Urban growth boundaries (UGBs) are used to reduce sprawl, preserve farmland, and force development toward city centers. While there are significant debates about their tangible impacts, in theory they should create greater residential population density. While explicitly constraining urban growth is a standard planning practice in most European countries, only three states in the US mandate them: Oregon, Washington, and Tennessee. In this post, I’ll conduct several binary comparisons of residential population densities in states that mandate UGBs with those that do not.
Of course, the usual caveat applies: differences in residential densities do not imply causation from UGB mandates directly. Other state policies – not to mention, physical geography – vary too greatly and are far too complex to neglect as influential factors in determining density. Nevertheless, the exploration itself is informative, and the approach here can be reused for other purposes and can aid in exploring other spatial questions.
Primary comparison: Oregon and Wisconsin
First, I’ll compare population densities between towns in Wisconsin (my home state) and Oregon, the state perhaps most closely associated with UGBs.
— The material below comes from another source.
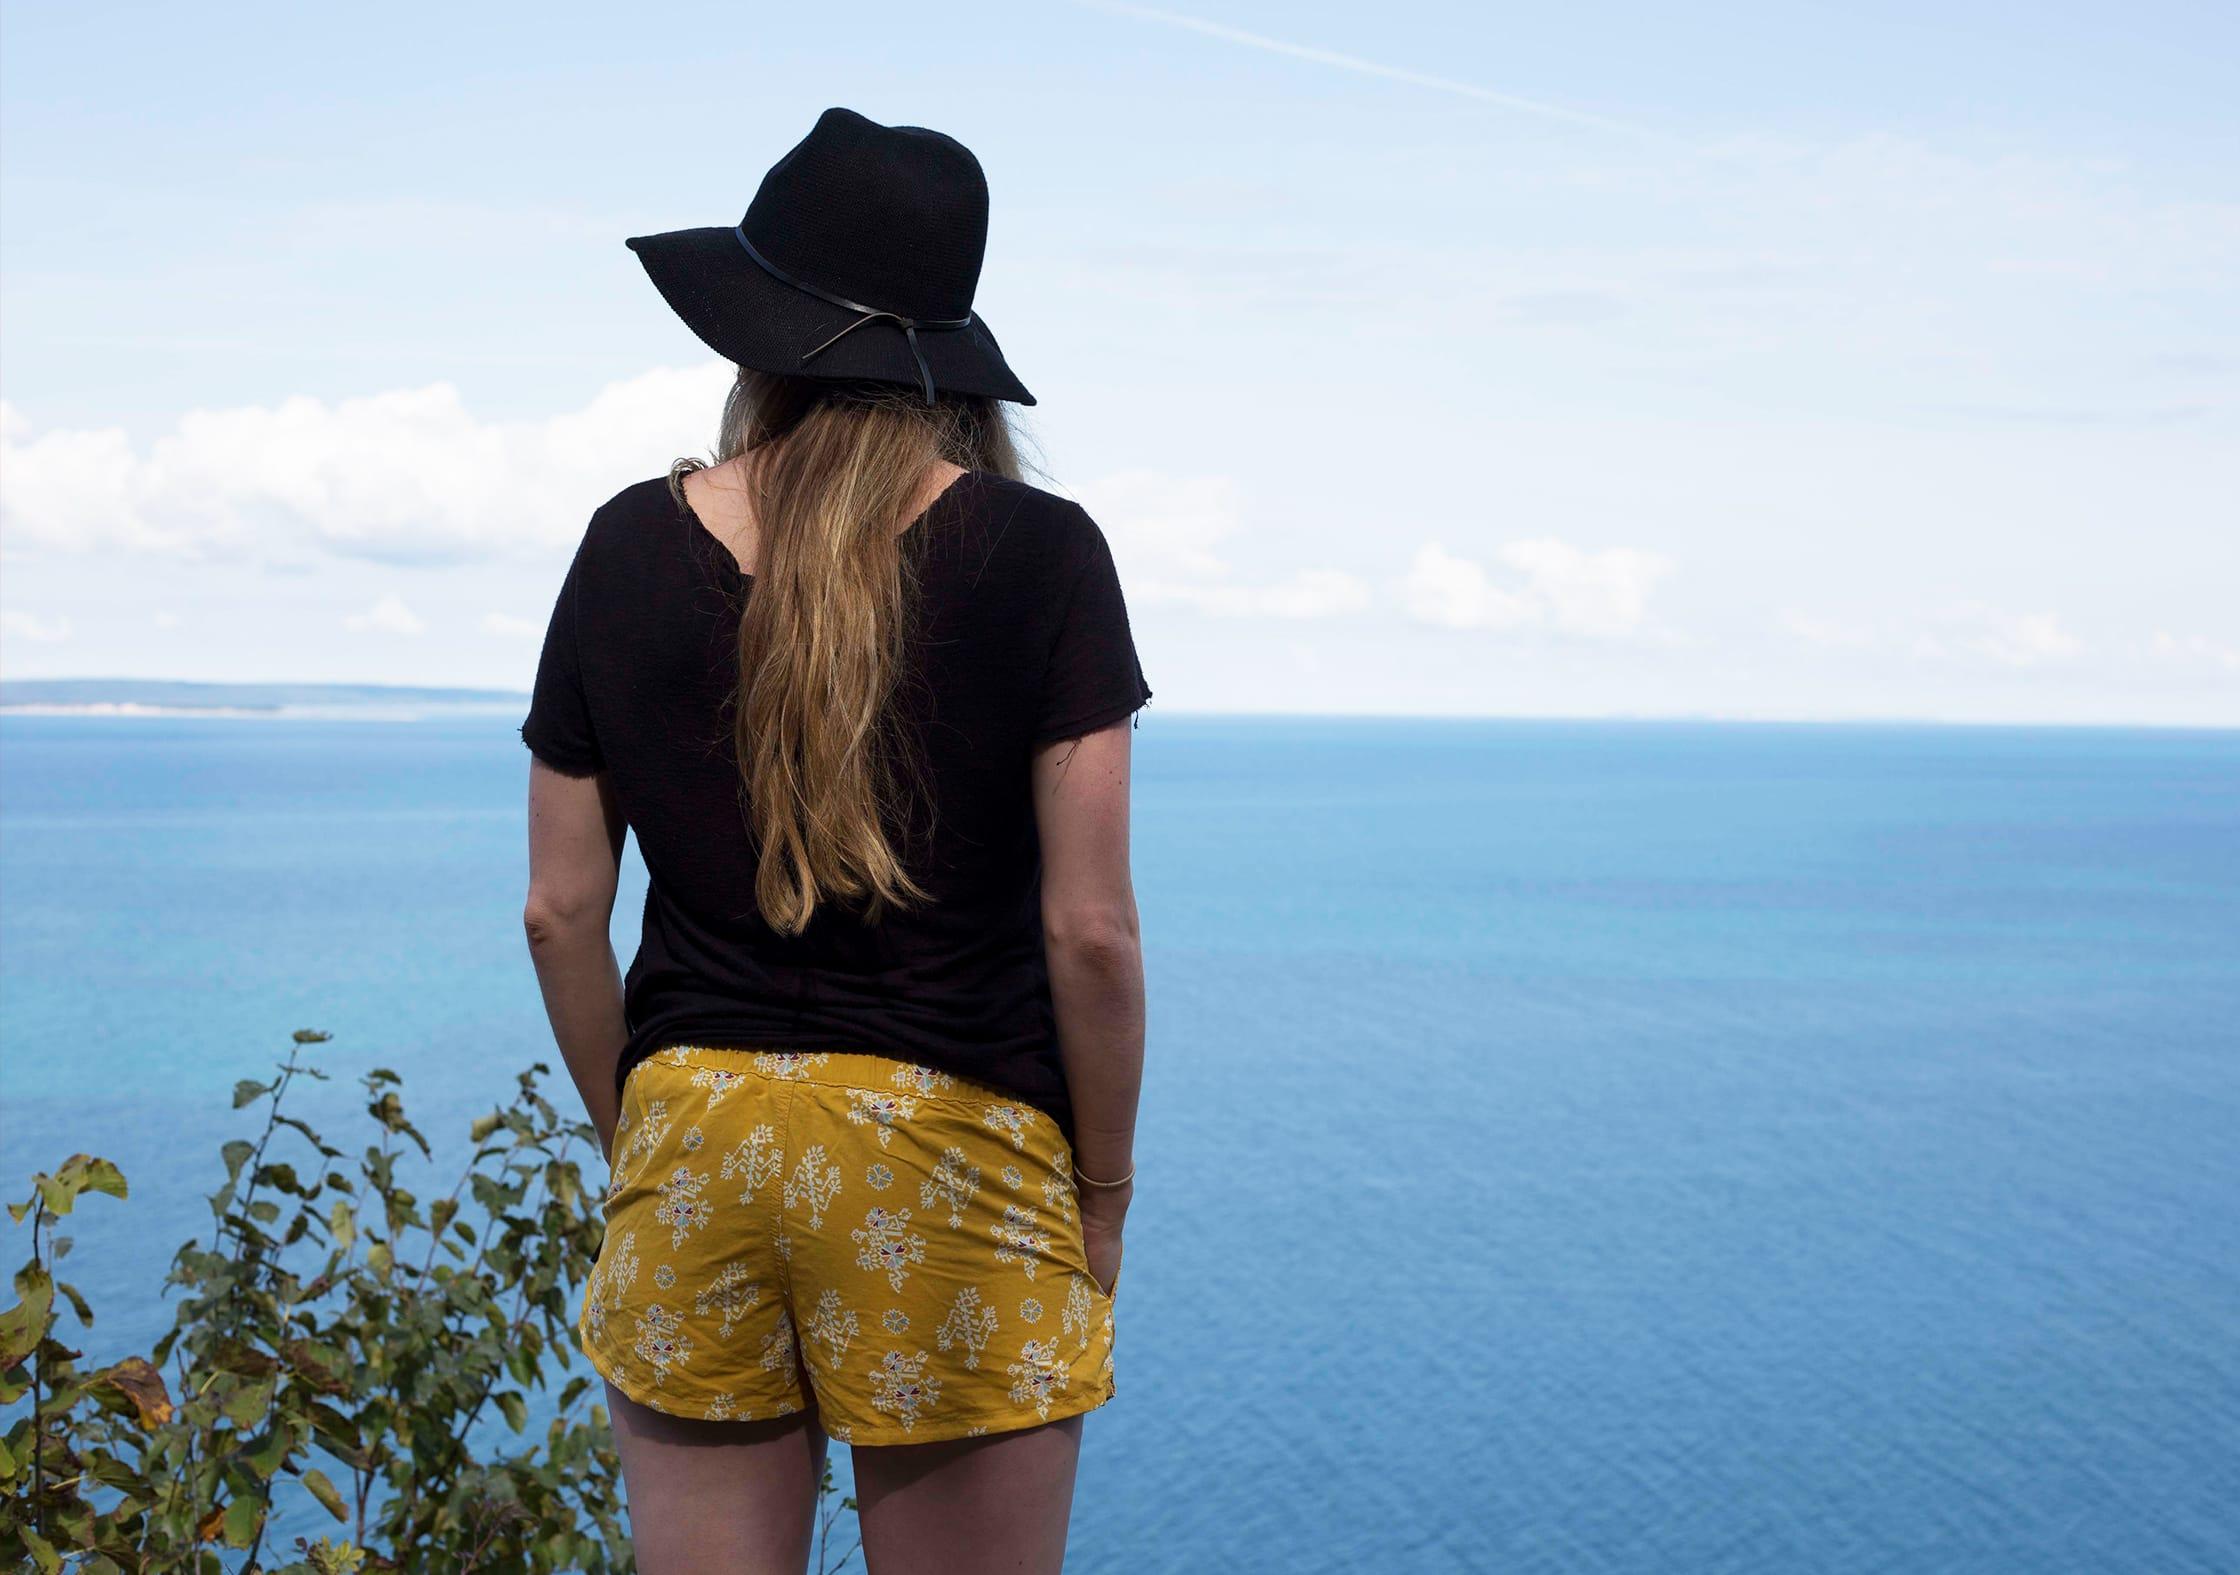 Patagonia Women's Barely Baggies™ Shorts at Sleeping Bear Dunes National Lakeshore

Aside from its UGB requirements, Oregon is known for other innovative urban planning practices. Orenco Station in Hillsboro is one of the most prominent examples of transit-oriented development in USA. The Oregon coastline is the “most democratized” – i.e., publicly accessible – in the country. Plus, the disaster prone nature of this coastline necessitates strategically crafted tsunami evacuation plans for every coastal community. These characteristics both necessitate and reflect a strategic focus on planning.
To conduct this comparison, I utilize the R Project for Statistical Computing
and US Census data. I create visualizations using ggplot2 and compare
densities using a Mann-Whitney U-test (that is, the non-parametric analog to
the independent samples t-test).
First, I load necessary packages:
library(tidycensus)
library(dplyr)
library(tidyr)
library(sf)
library(ggplot2)
library(ggridges)
library(kableExtra)Since we are interested in population density, we need to use a geography that
most closely corresponds with this measure. I’d argue that places – i.e.,
municipal boundaries – do this most effectively, even though density obviously
varies greatly within cities, and there can of course be areas (potentially
large swaths) within a city where no people live.
tidycensus conveniently retrieves geometry with geometry = TRUE, and the
variable B01003_001 contains population data. We can easily calulate
population density by dividing the population (estimate) by land area,
calculated with st_area, but note that this has to be done after a
transformation to a projected CRS to ensure accurate areas. Since the units of
the CRS are in meters, we can multiply the result by 1e6 to get kilometers but
should convert this from a “units” data type to a numeric to be sure we don’t
confuse future users (including ourselves).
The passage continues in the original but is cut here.